We could’ve given up and patched our codebase to make it work with one of the libraries we tried. But we kept researching and learning until we found the simplest possible solution. My advise here would be to think it twice before adding third party code to solve a simple problem, because probably YAGNI.

Stay as close as possible to an evolving platform

Swift is evolving fast and things break often. And with the release of Swift 3 this is going to be really painful. Keeping our interfaces simple and independent from external components was key to be able to keep up with the evolution of the language.

Consider the following situation. A lot of teams relying in PromiseKit could not release their apps after upgrading Xcode from 7.3 to 7.3.1 due to a bug in the compiler. But Xcode 7.3.1 also fixed other compiler issues equally or more important. Developers in this situation had to decide whether to keep using 7.3 and wait on Apple or PromiseKit to fix the issue or patch PromiseKit themselves.

Can we afford to wait on framework maintainers to keep the pace of Swift changes? Sometimes we can, sometimes we cannot. That’s why we discarded libraries that forced us to use additional types and prefer to use the native types.

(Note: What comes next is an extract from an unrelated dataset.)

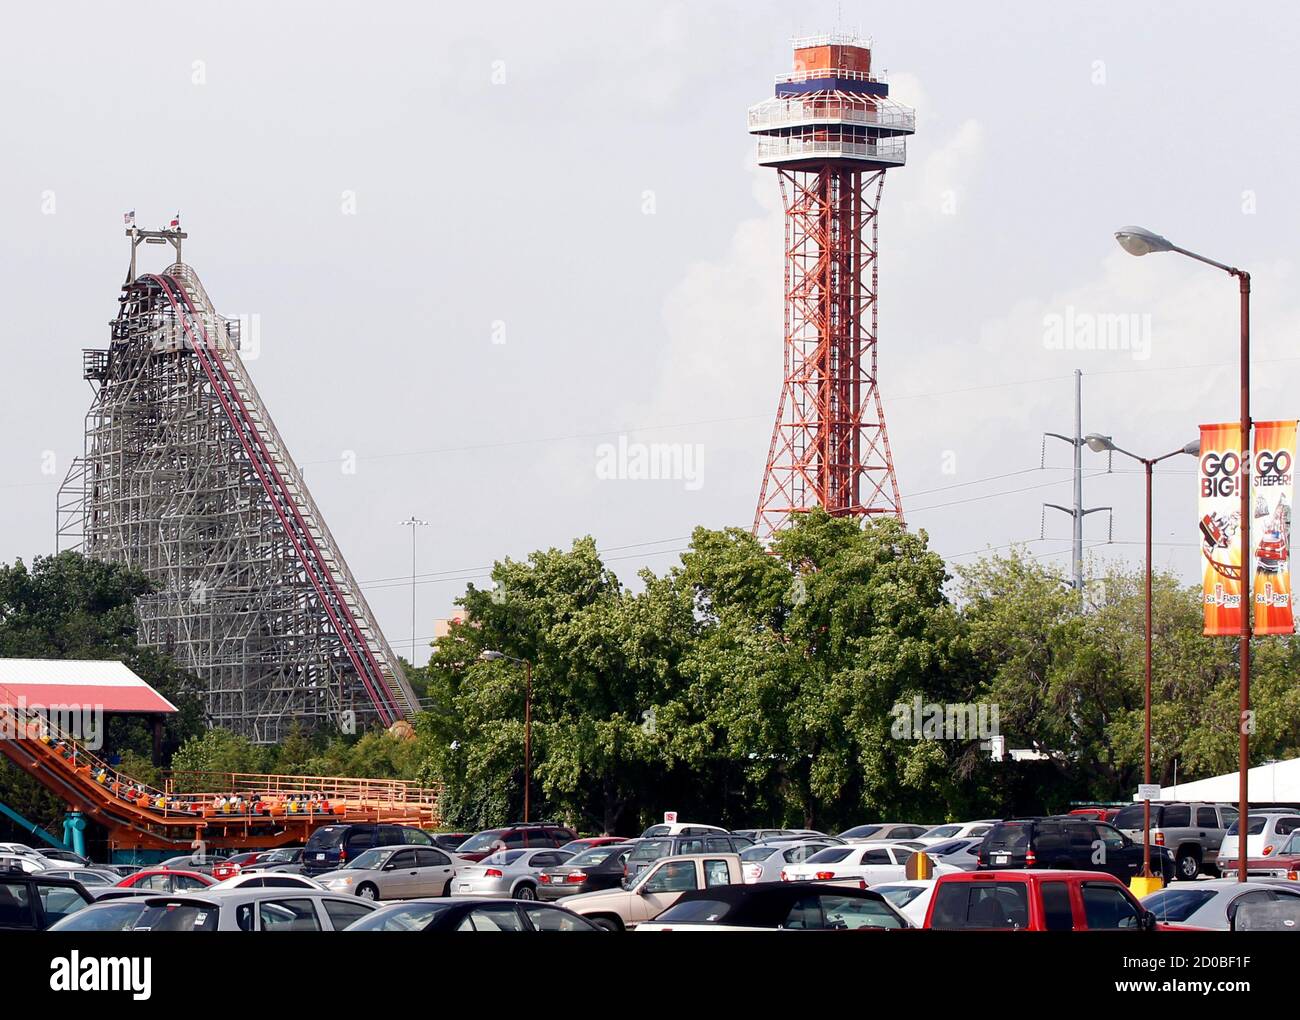 The Texas Giant roller coaster ride (L) is seen at the Six Flags Over Texas amusement park in Arlington, Texas July 23, 2013.  A woman who plunged from the Texas Giant roller coaster ride at the Six Flags Over Texas amusement park died of multiple traumatic injuries in a fall that was ruled an accident, authorities said on Monday.  REUTERS/Mike Stone (UNITED STATES - Tags: SOCIETY) Stock Photo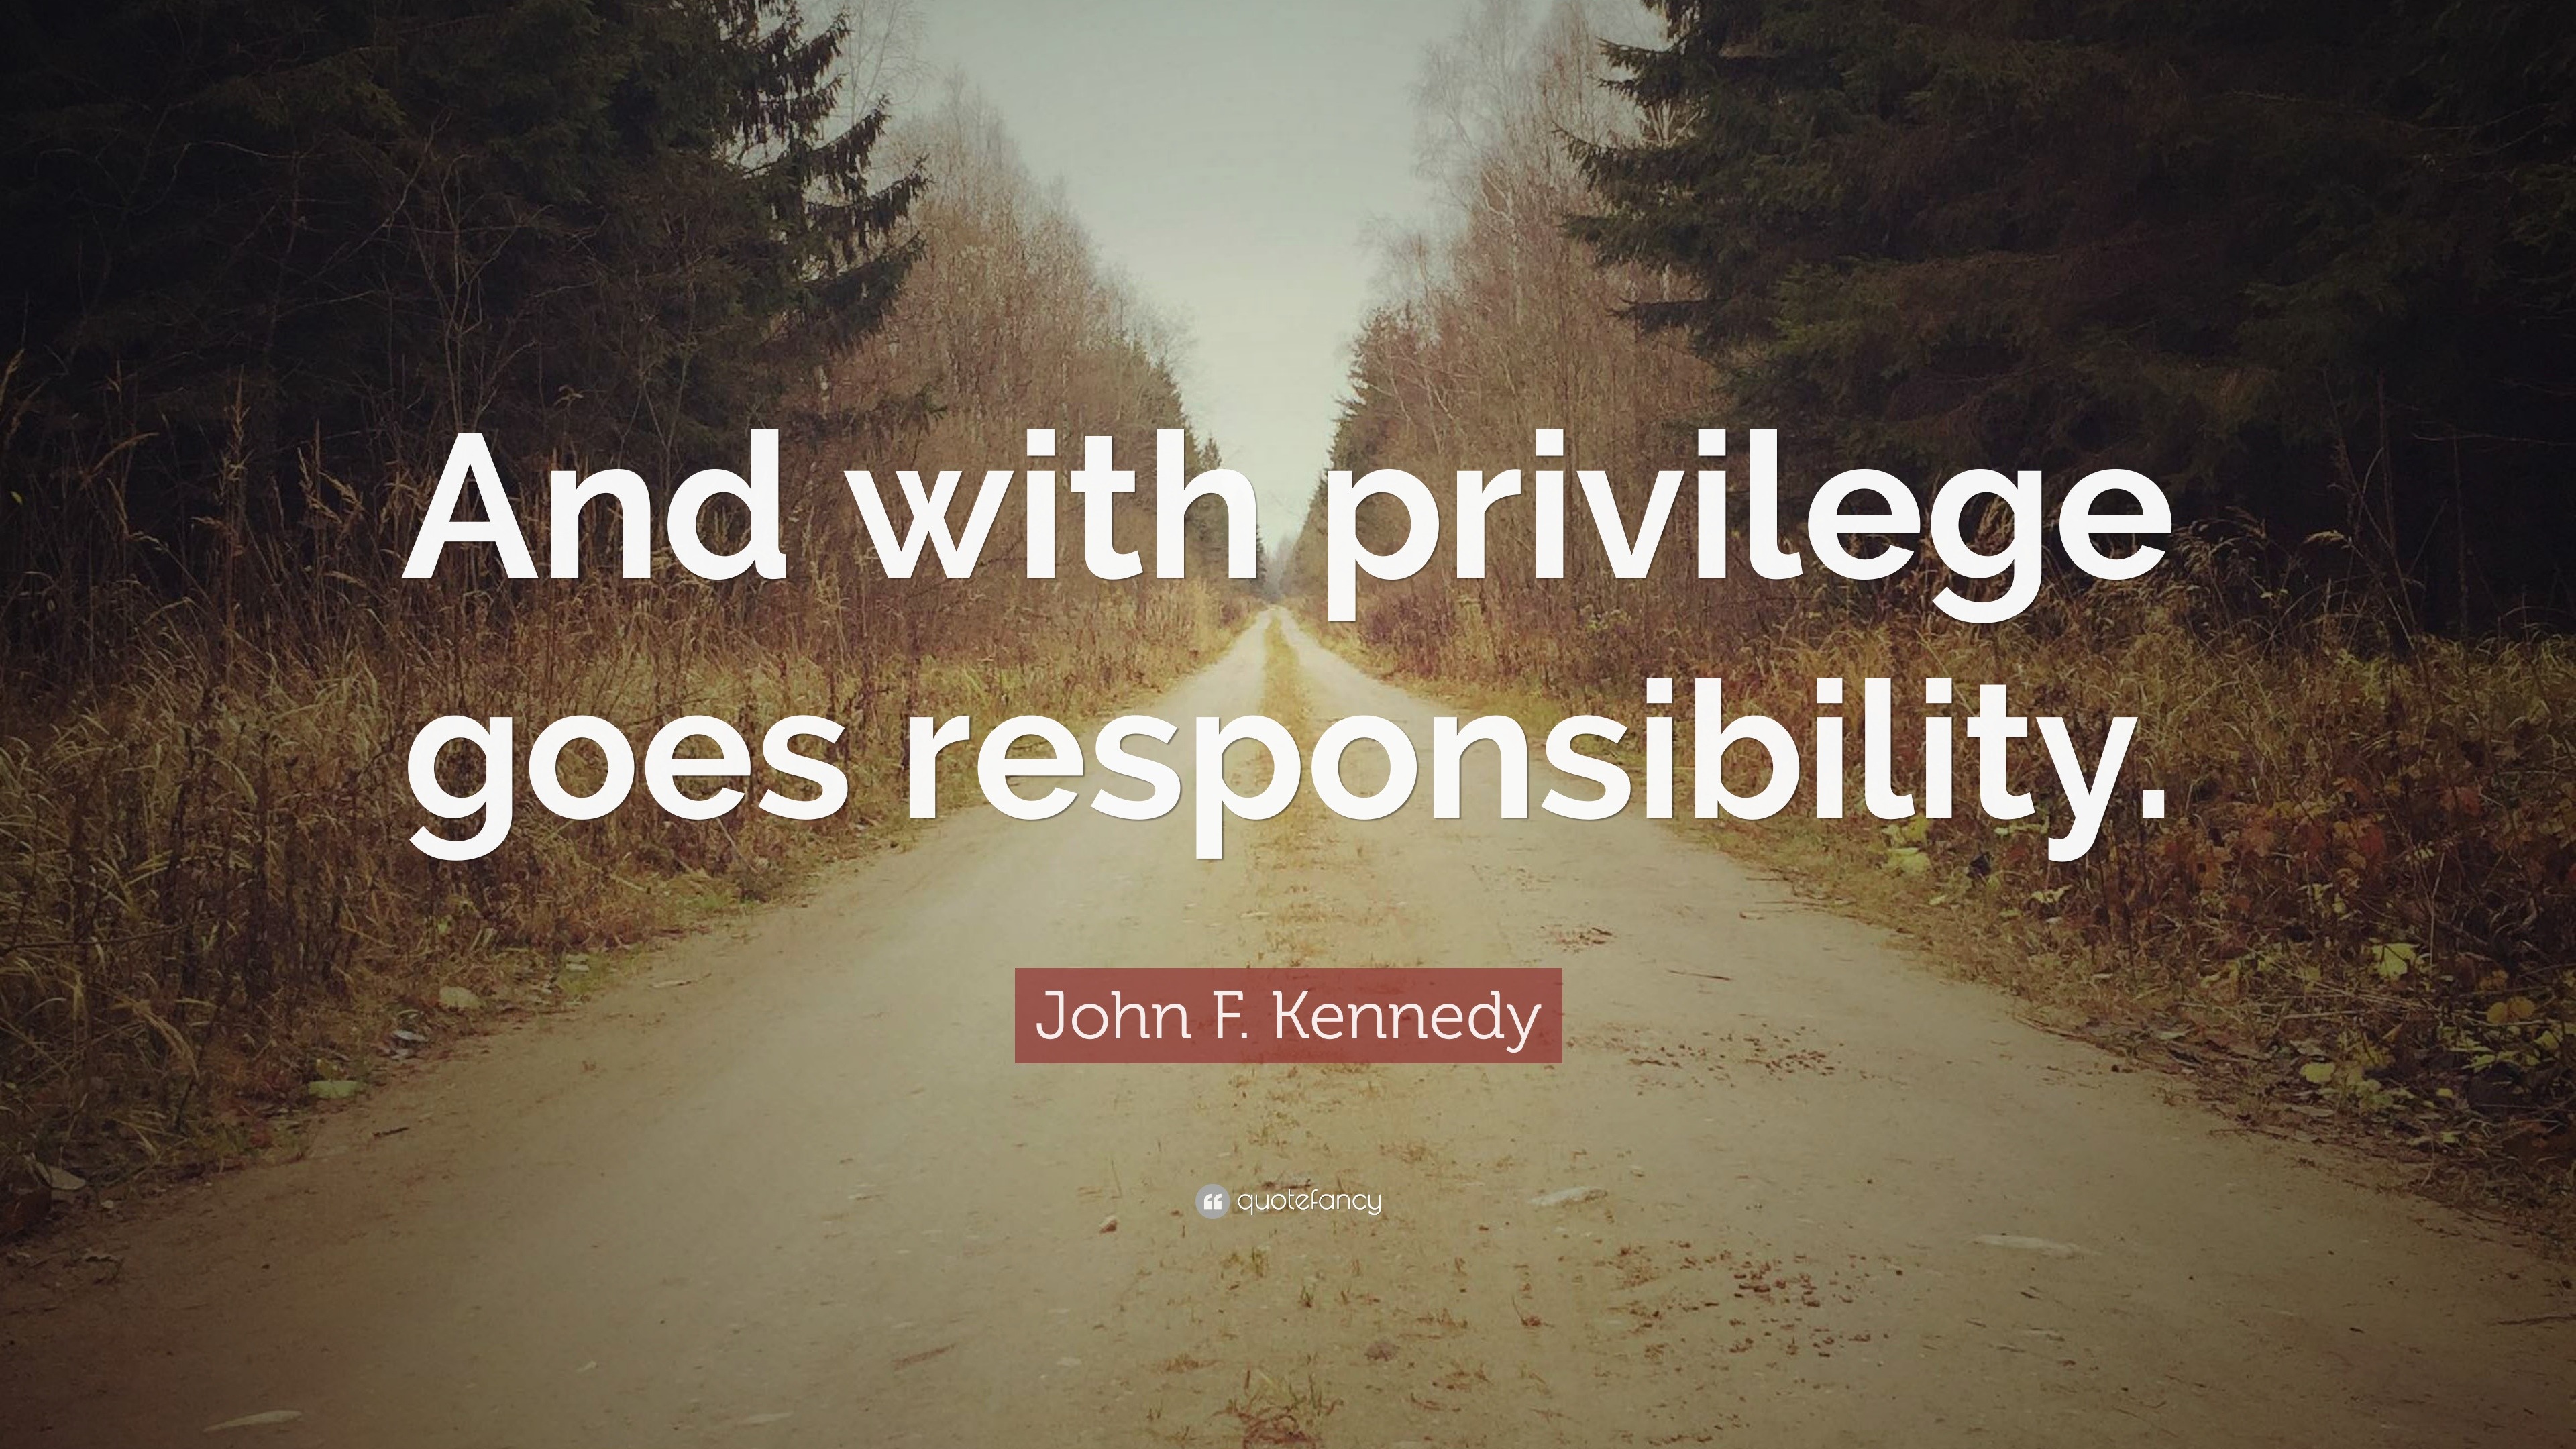 John F. Kennedy Quotes (100 wallpapers) - Quotefancy

We thought that staying close to the platform was the best way to avoid future headaches until Swift 3 proves to be stable enough. Dave Thomas put it best this way:

When faced with two or more alternatives that deliver roughly the same value, take the path that makes future change easier.

Reasons for using a third party JSON library

Now, I don’t want to discourage everyone from using third party libraries at all. I am particularly conservative when it comes to that, that’s my personal choice as an engineer developer.

But there are also good reasons and appropriate scenarios where using a library totally makes sense.

Constrained environment or prototyping

If there are serious resource constraints or we are just simply building a prototype, an existing solution will do the job.

But note the emphasis on the word “serious”. Sometimes we fool ourselves into thinking that we don’t have enough time or people and we want to rush into code. And one month later we find that we have to review that design again because we jumped too fast into a solution. However, if constraints are real and unavoidable, go for a third party library.

When built-in facilities just don’t work

If for any reason we had wanted to have full support of the standard, then our only choice would’ve been to use Freddy. And writing a deserialiser is a way more complex task compared with writing a simple parser. So in that case, using an external component would’ve been the right choice.

Working with Objective-C

Objective-C is very dynamic in nature and that might lead to a lot of errors. In my experience it’s easier to get something wrong in Objective-C compared to Swift.

But the Objectice-C compiler is also way more stable than Swift and some of the libraries out there have been already tested in many battles. We can benefit from many years of experience, stability and testing, instead of writing our own solutions. That’s why I often use Mantle when I have to parse JSON in Objective-C.

Conclusion

I hope that these insights have helped shed some light on the issues of parsing JSON and encourage you to think twice before adding complexity to your code.